> **About this exercise**: In the records below, find the line with "Cuesta de San", then copy each line exactly until you have copied the line with "Lenzuolo liscio raso". Leave any picture out.

> **Data for the task**:
============
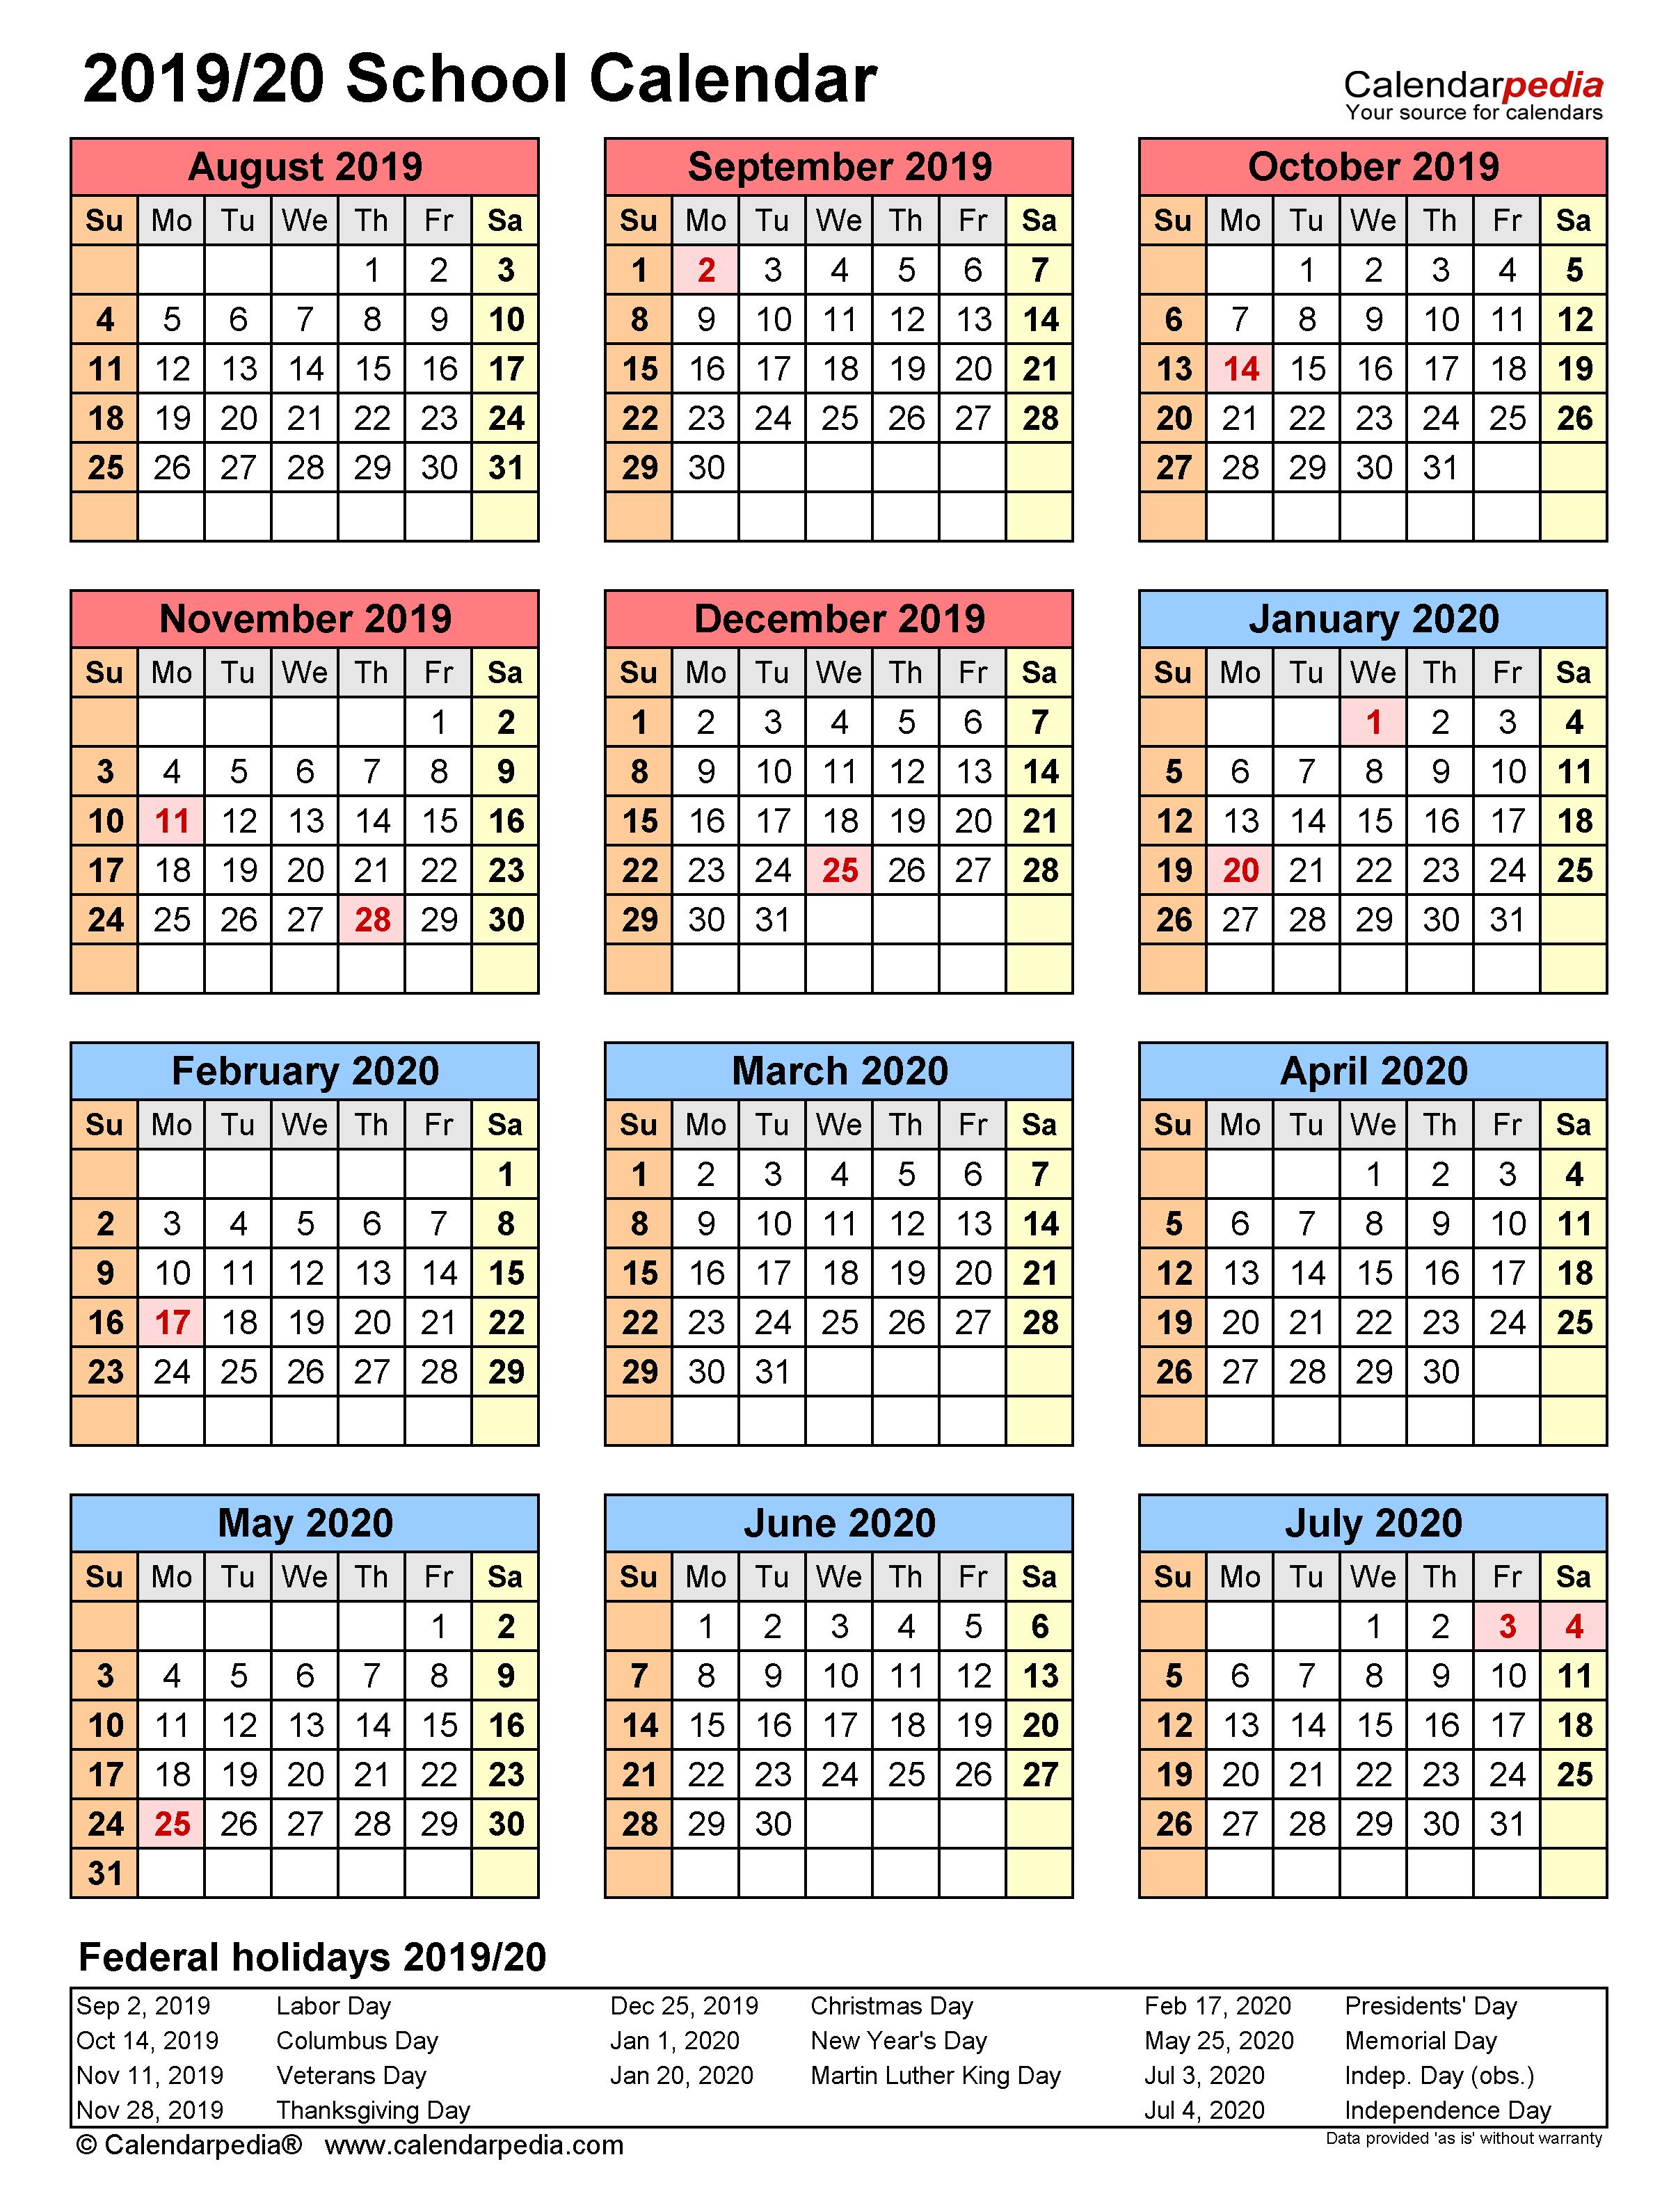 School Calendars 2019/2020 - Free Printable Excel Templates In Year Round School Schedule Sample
============
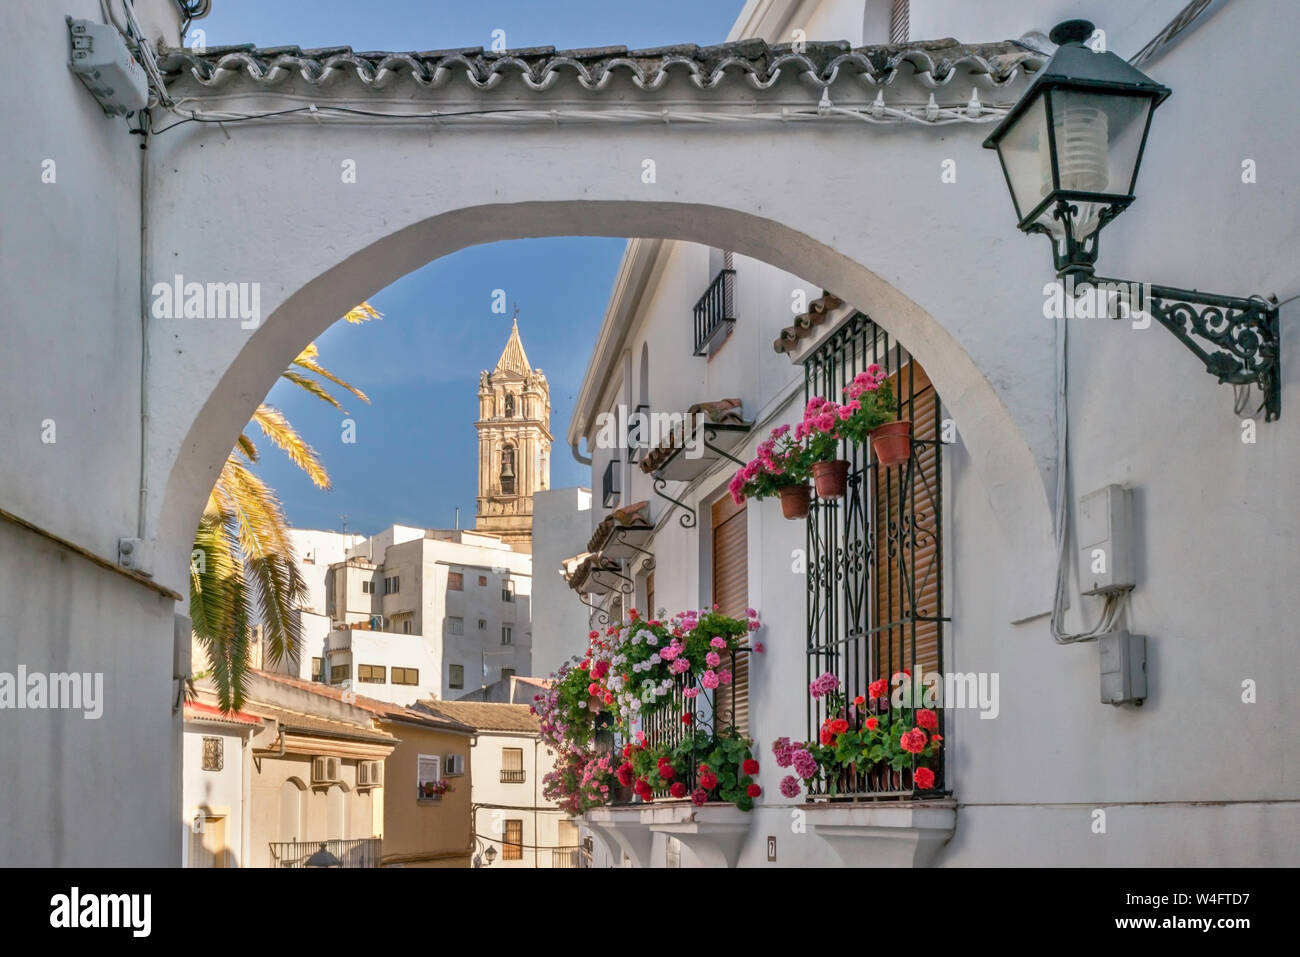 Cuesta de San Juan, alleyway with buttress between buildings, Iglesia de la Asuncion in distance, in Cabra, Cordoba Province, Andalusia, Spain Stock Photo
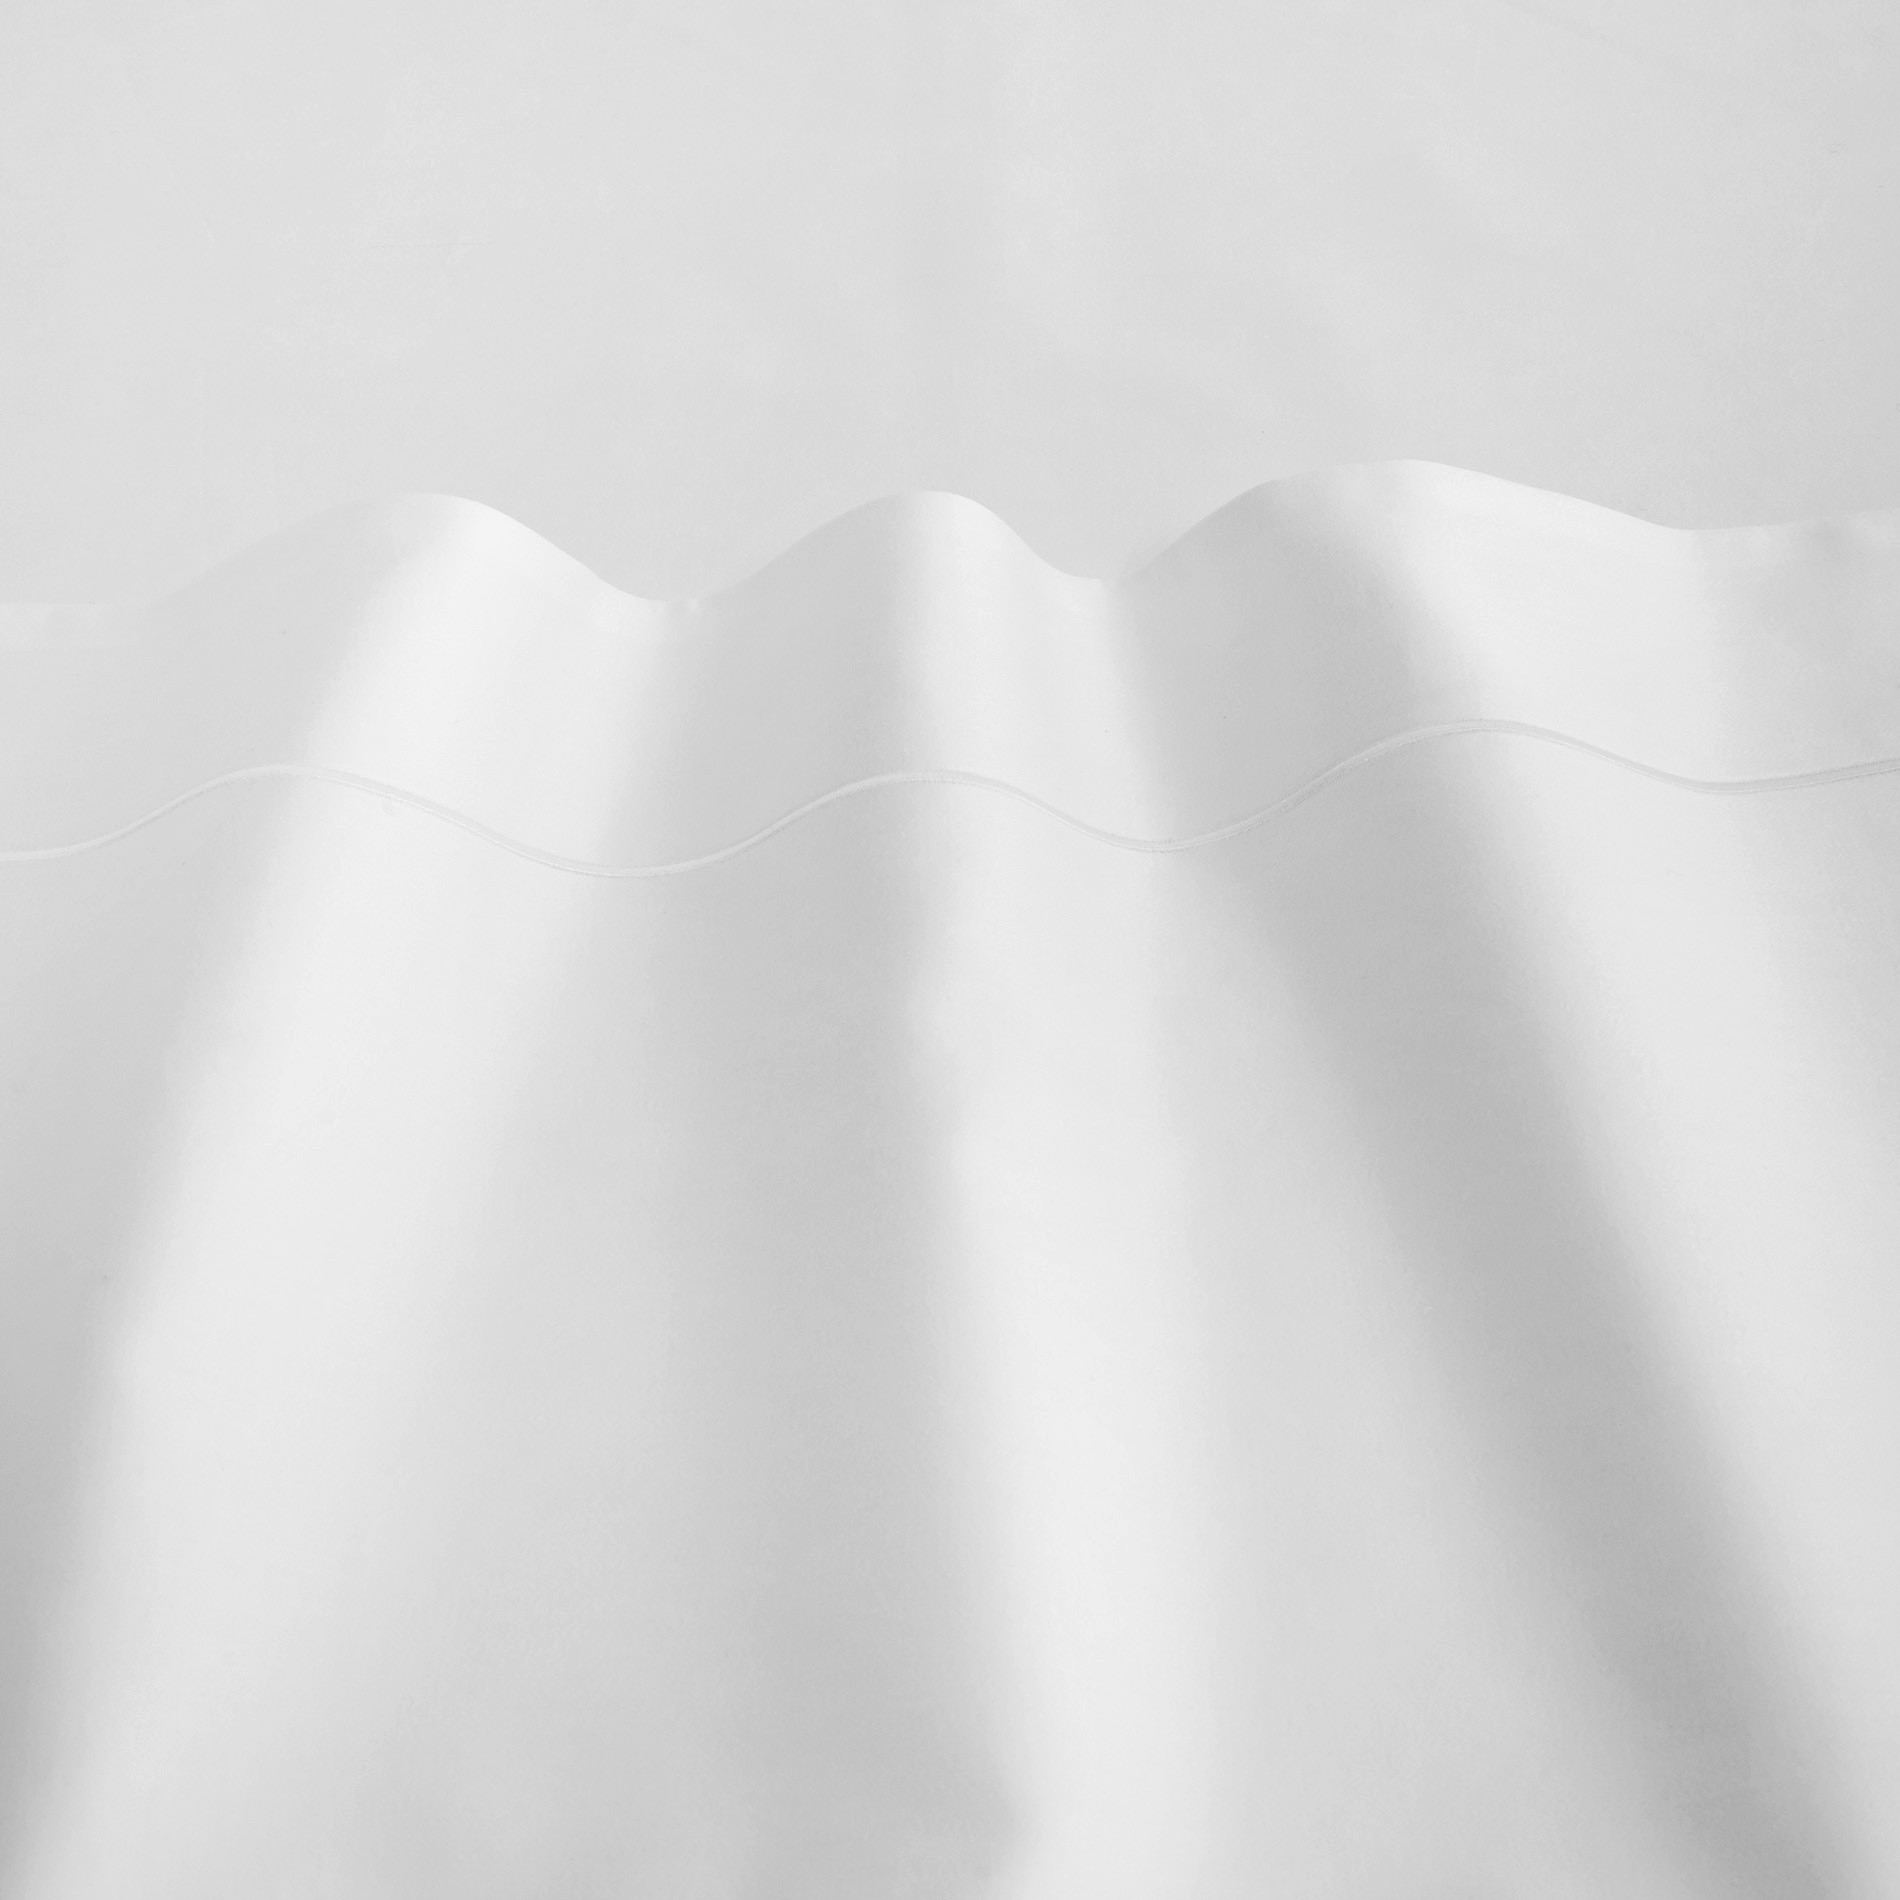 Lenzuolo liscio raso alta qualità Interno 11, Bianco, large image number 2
============
> **Task result**:
 Cuesta de San Juan, alleyway with buttress between buildings, Iglesia de la Asuncion in distance, in Cabra, Cordoba Province, Andalusia, Spain Stock Photo
 Lenzuolo liscio raso alta qualità Interno 11, Bianco, large image number 2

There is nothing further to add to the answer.